US Religious Law
https://www.law.cornell.edu/uscode/text/42/chapter-21B
https://www.law.cornell.edu/uscode/text/42/chapter-21C
Burwell v. Hobby Lobby, 573 U.S.
_ (2014)
http://www.supremecourt.gov/opinions/13pdf/13-354_olp1.pdf
"It held that the Greens’ businesses are “persons” under RFRA, and that the corporations had established a likelihood of success on their RFRA claim because the contraceptive mandate substantially burdened their exercise of religion and HHS had not demonstrated a compelling interest in enforcing the mandate against them; in the alternative, the court held that HHS had not proved that the mandate was the “least restrictive means” of furthering a compelling governmental interest.

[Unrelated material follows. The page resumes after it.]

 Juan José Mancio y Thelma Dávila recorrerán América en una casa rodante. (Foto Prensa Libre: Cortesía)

In order to ensure broad protection for religious liberty, RFRA provides that “Government shall not substantially burden a person’s exercise of religion even if the burden results from a rule of general applicability.” §2000bb–1(a).2 If the Government substantially burdens a person’s exercise of religion, under the Act that person is entitled to an exemption from the rule unless the Government “demonstrates that application of the burden to the person—(1) is in furtherance of a compelling governmental interest; and (2) is the least restrictive means of furthering that compelling governmental interest.” §2000bb–1(b)

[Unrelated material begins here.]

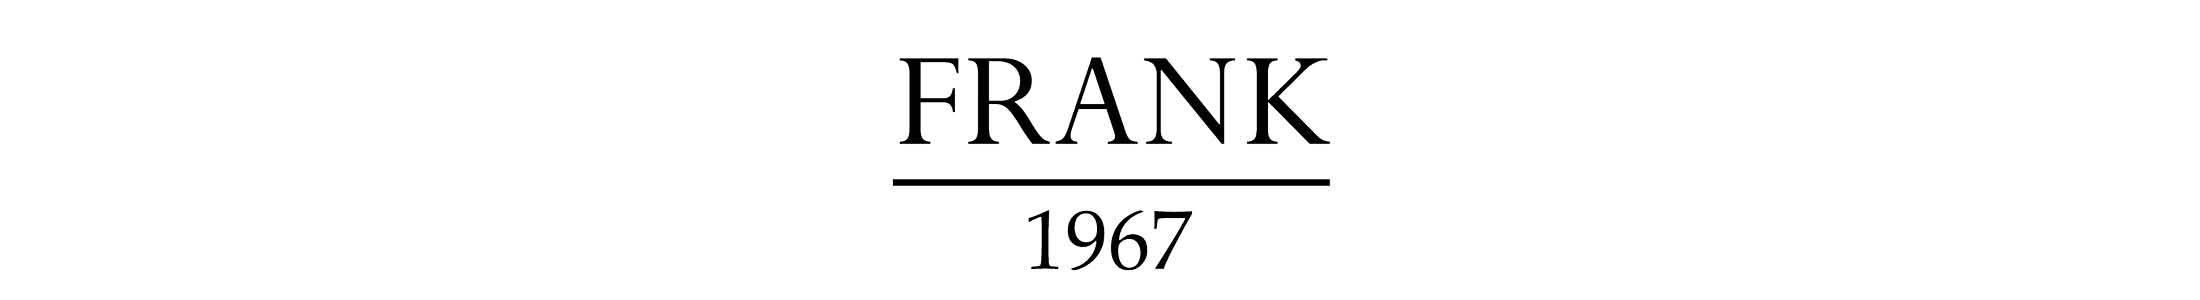 Frank1967

Following our decision in City of Boerne, Congress passed the Religious Land Use and Institutionalized Persons Act of 2000 (RLUIPA), 114 Stat. 803, 42 U. S. C. §2000cc et seq. That statute, enacted under Congress’s Commerce and Spending Clause powers, imposes the same general test as RFRA but on a more limited category of governmental actions. See Cutter v. Wilkinson, 544 U. S. 709, 715–716 (2005). And, what is most relevant for present purposes, RLUIPA amended RFRA’s definition of the “exercise of religion.” See §2000bb–2(4) (importing RLUIPA definition).

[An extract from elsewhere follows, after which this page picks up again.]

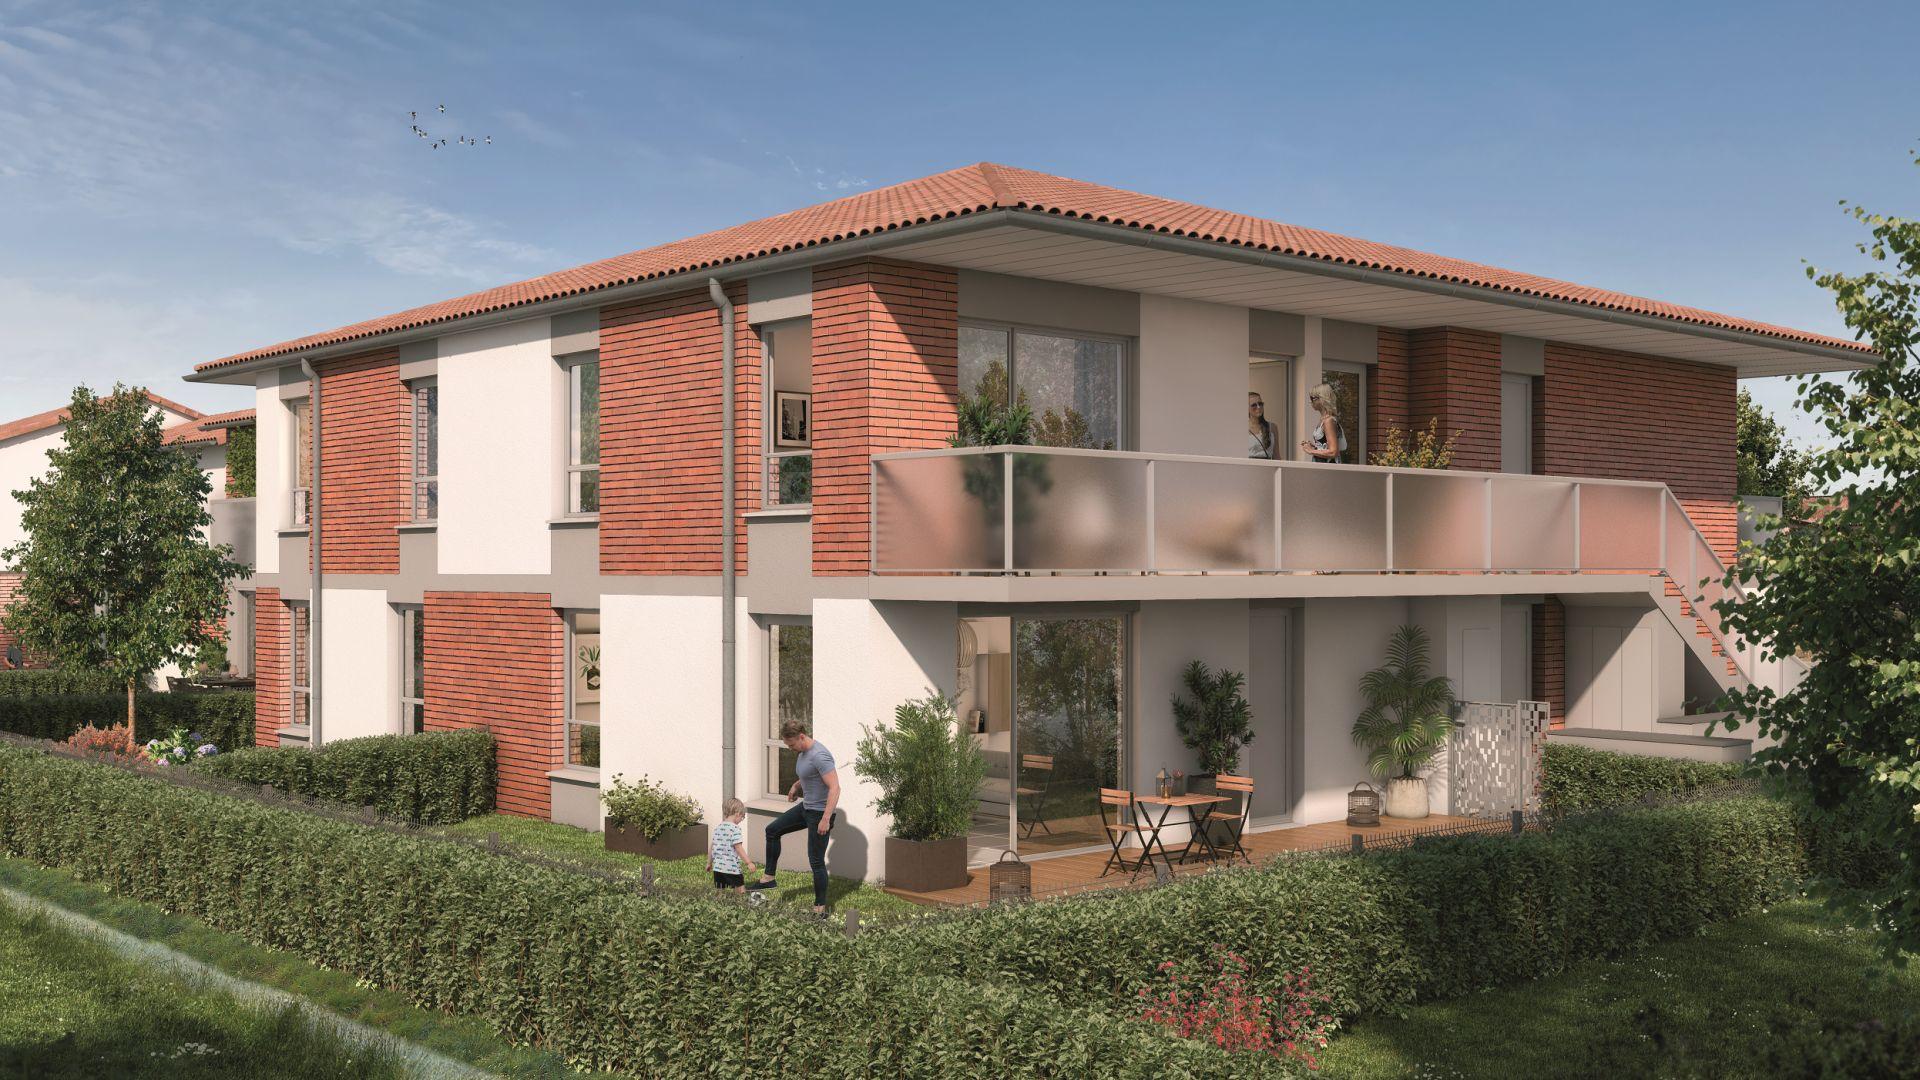 Greencity Immobilier - Domaine du Haumont - achat appartements et villas du T2 bis au T5 - Pins-Justaret 31860

Before RLUIPA, RFRA’s definition made reference to the First Amendment. See §2000bb– 2(4) (1994 ed.) (defining “exercise of religion” as “the exercise of religion under the First Amendment”). In RLUIPA, in an obvious effort to effect a complete separation from First Amendment case law, Congress deleted the reference to the First Amendment and defined the “exercise of religion” to include “any exercise of religion, whether or not compelled by, or central to, a system of religious belief.” §2000cc–5(7)(A). And Congress mandated that this concept “be construed in favor of a broad protection of religious exercise, to the maximum extent permitted by the terms of this chapter and the Constitution.” §2000cc– 3(g)."